On 30 June 2000, the claimant was sentenced to life imprisonment with a minimum tariff of 20 years for murder. His tariff expired on 2 September 2019.

3.

On 27 February 2020, he was transferred to open conditions but was subsequently returned to closed conditions on 22 July 2020 after he was found in possession of a mobile phone which he was alleged to have used to harass his former partner. There were other allegations relating to sexual misconduct. The allegations did not lead to any prosecutions or adjudications.

4.

In 2022, the issue of the claimant’s status was again referred to the Parole Board to consider whether he should be released on licence or, alternatively, whether he should be transferred to category D open conditions.

5.

On 13 October 2022, the Panel of the Parole Board (“the Panel”), heard the claimant’s case. On 29 October 2022 it decided not to direct release on licence but did recommend that the claimant should thereafter be transferred to open conditions.
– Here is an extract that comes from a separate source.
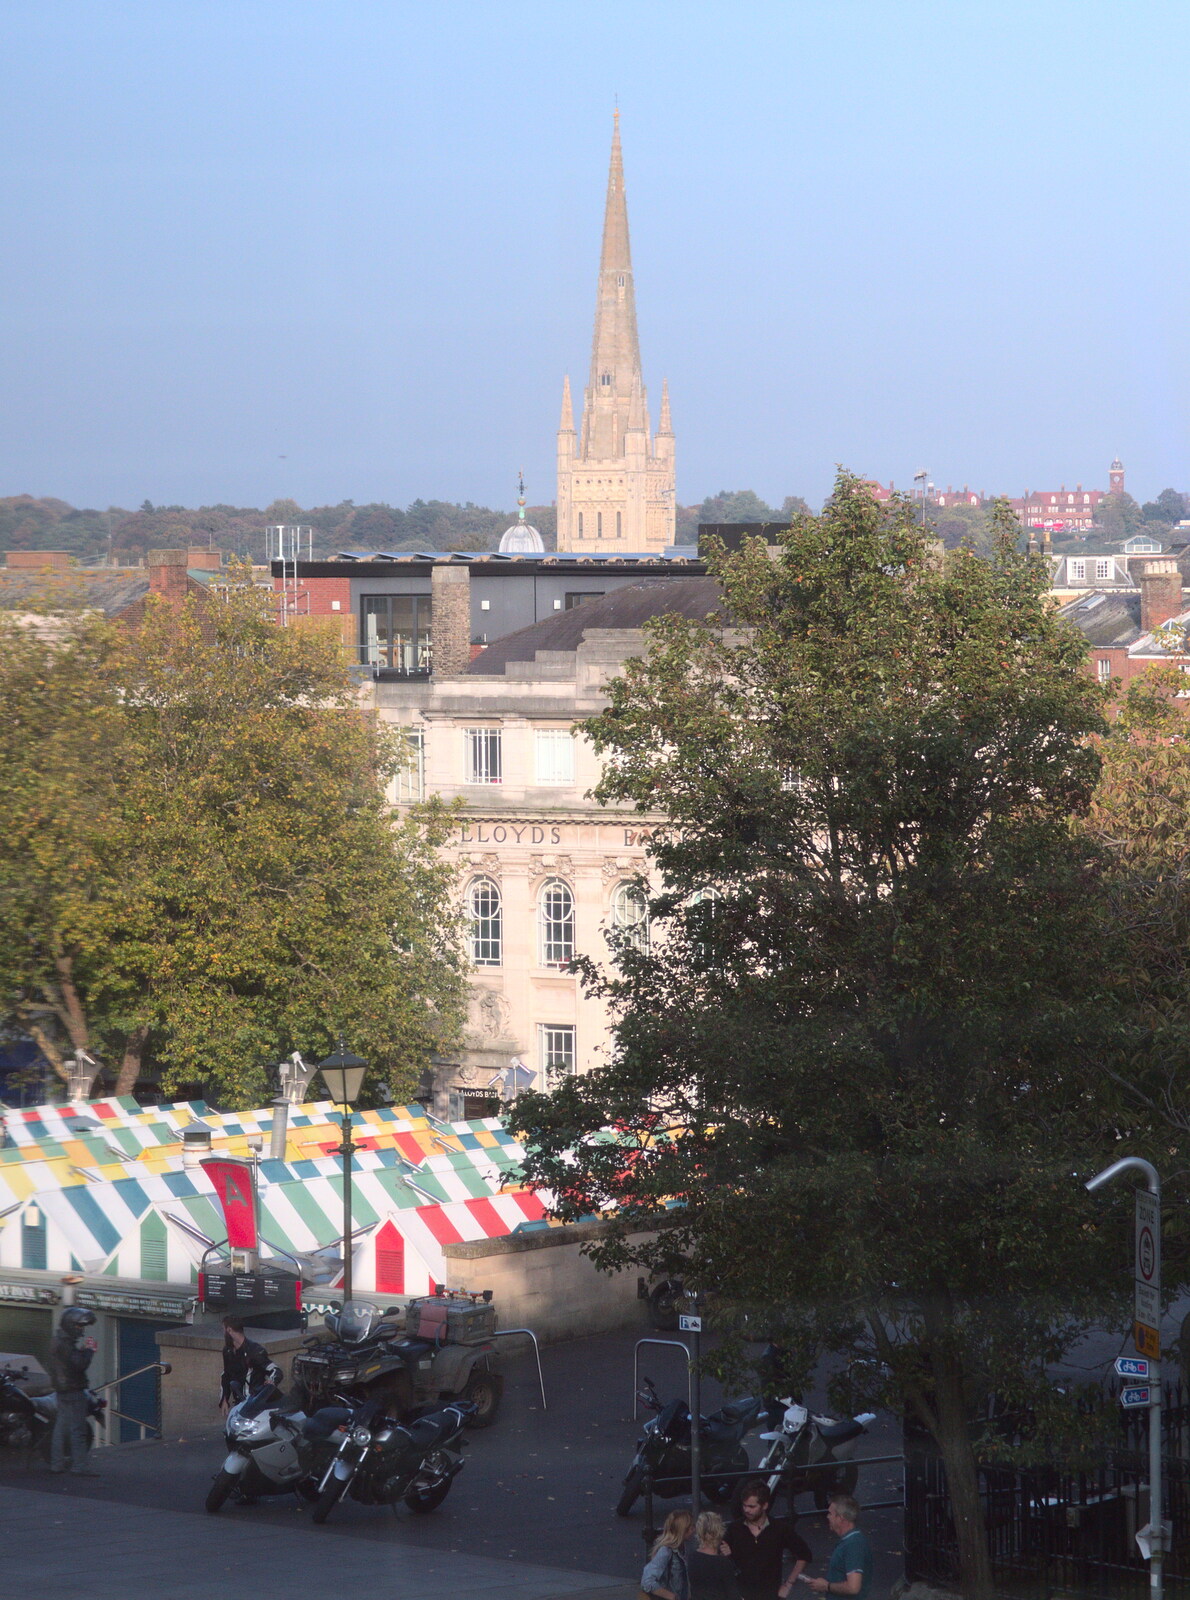 A view of Lloyds Bank and the Cathedral from Trafalgar Day and Pizza, Norwich, Norfolk - 15th October 2017

It concluded, on the basis of all the evidence before it, that the claimant had reached the stage where he needed further testing and monitoring in conditions of less security which would also enable him to develop a viable plan for resettlement in the community and which would inform future decisions.

6.

On 24 February 2023, the defendant rejected the recommendation of the Panel. The decision letter determined that:

(i)

A period in open conditions was not essential to inform future decisions about release and to prepare for possible release on licence into the community; and

(ii)

A transfer to open conditions would undermine public confidence in the Criminal Justice System.

7.

The claimant contends that the decision of the defendant is unlawful because it was inadequately reasoned and he failed to consider relevant considerations and/or made an irrational decision.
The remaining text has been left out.